One officer can generate a terabyte of files in a year, according to Lovell. In 2013, the 4,000 law enforcement customers using VIEVU’s cameras generated about 7 million hours of police video – a number he expects will grow this year.

“People are deploying many more cameras than they ever have before,” Zak said, adding that they’re also recording more frequently in high-definition formats, which create larger files. But police departments don’t always have the information technology infrastructure or staff to handle so much data.

The cloud is “particularly useful and provides very powerful capabilities for midsize and small agencies,” he said. “The power of the cloud is to take a lot of the administration and management of infrastructure that normally would be done by a technology team on-site…all of that gets delivered by Microsoft.”

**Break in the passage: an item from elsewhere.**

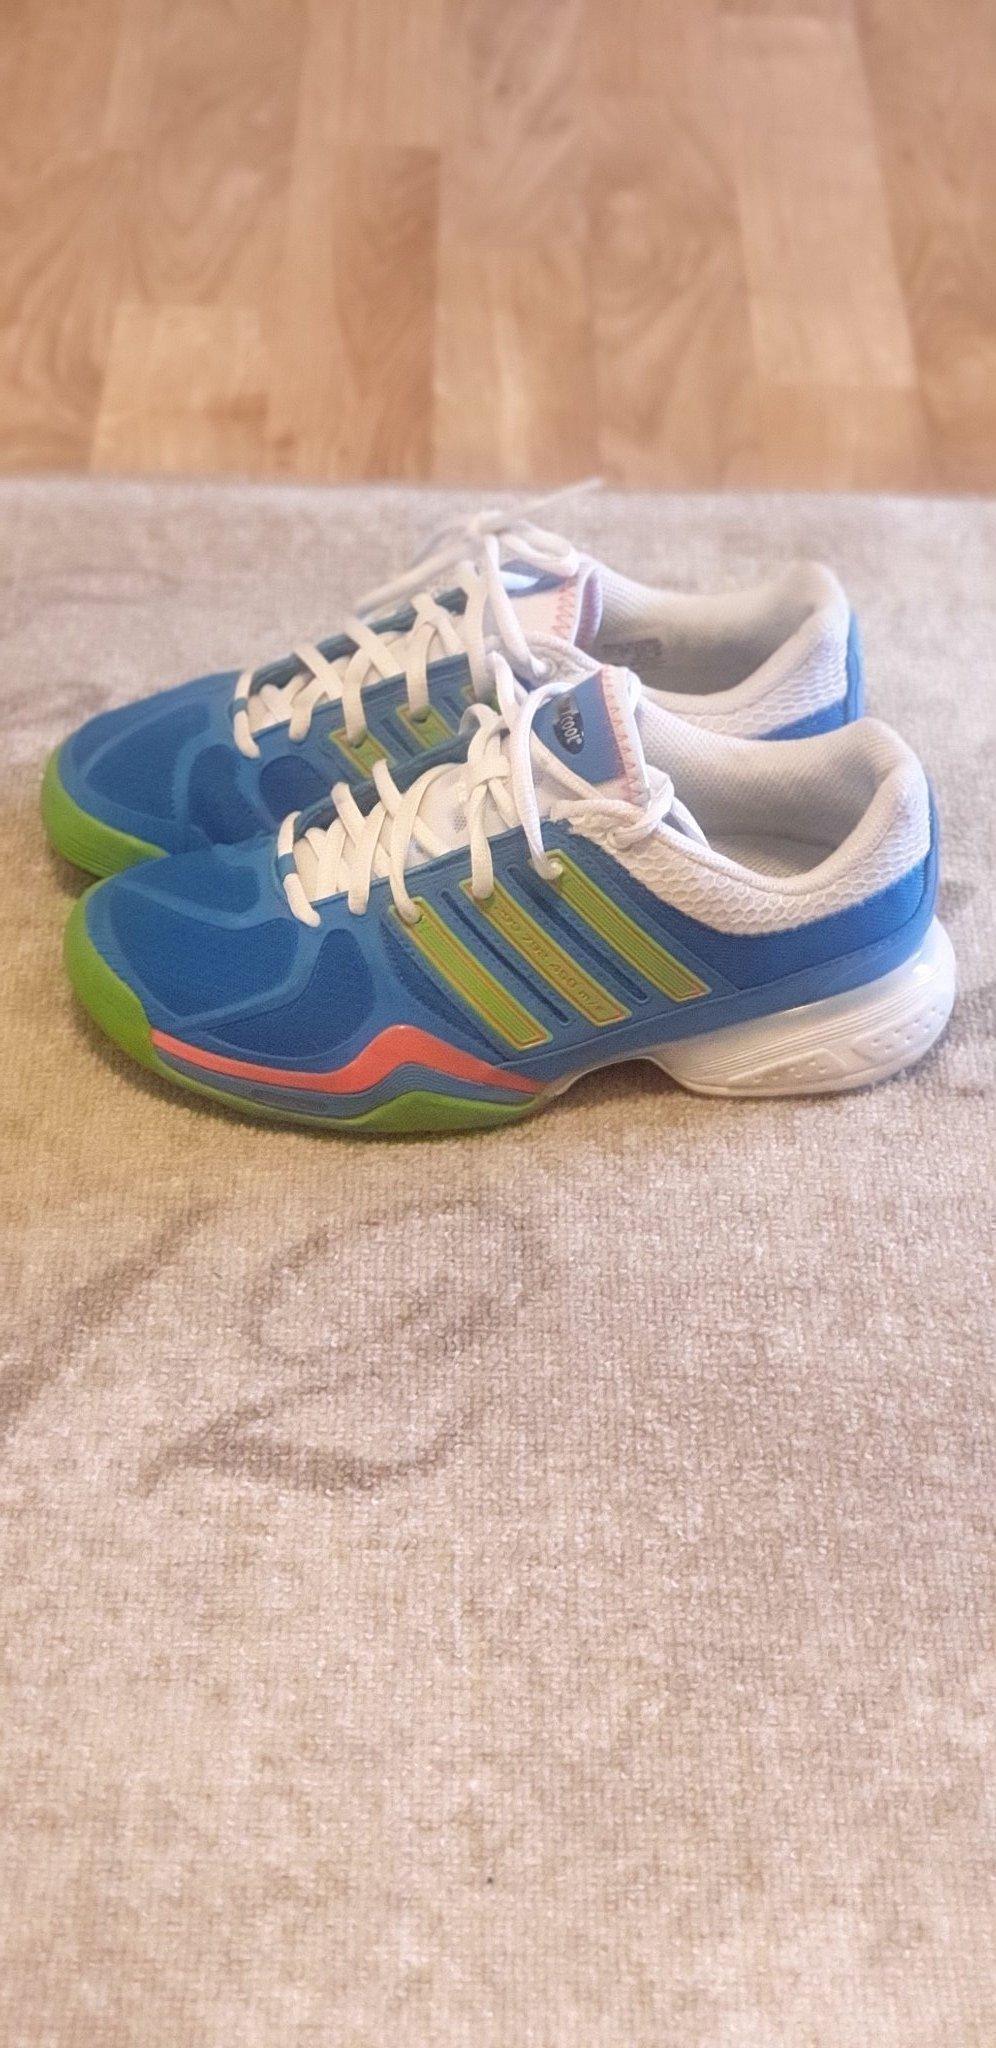 Adidas skor dam storlek

The cloud’s scalability is another perk for organizations of all sizes but especially smaller ones, Zak said. Departments can’t always buy local storage fast enough to store video. Other considerations include the cost associated with such procurements and what a department would do with additional storage when it doesn’t need it anymore – say, after the end of a large event such as the Super Bowl.

“They are doing something that didn’t exist before,” Lovell said of Microsoft. “Our customers have been asking us for years about remote data storage and if it would comply with federal guidelines. The Microsoft Government Azure cloud does just that. It’s on U.S. soil, it’s operated by background-checked U.S. citizens, it’s got heavy security requirements.”

To work with Azure, VIEVU had to adapt its software; the hardware didn’t undergo any technical changes.

When officers need to access stored data, they can log in and see only their video. Administrators and others with broader views are also subject to restrictions, thanks to a lockdown feature in Veripatrol that makes files viewable only by particular users.

CJIS requires, among other things, that cloud vendors conduct fingerprint-based background checks on the system, database, security and network administrators who can access and recompile criminal justice information. The policy also prohibits remote maintenance from outside the United States.

Microsoft lets law enforcement entities audit Azure to be sure it’s CJIS-compliant, said Rochelle Eichner, director of risk and compliance for the company’s worldwide productivity team. “That process needs to be well defined to still meet policy,” she said. “We developed a process working with the state CJIS officers to be able to accommodate that.”

Overall, cloud has been gaining traction in the law enforcement community as a storage mechanism.

“A year ago, if you talked to a police chief, the likely answer you’d get was, ‘I’m not going to pursue the cloud,’ or ‘The cloud’s not going to be part of our strategy,’” Zak said. “Fast forward a year to today, that same police chief would shift the question to how: ‘How are we going to use the cloud?’”

Azure will be a major enabler, Lovell said. “Now people can actually utilize this type of technology, get off the heavy infrastructure that they’re currently supporting with staff and hardware, and they can now manage these files with a peace of mind,” he said.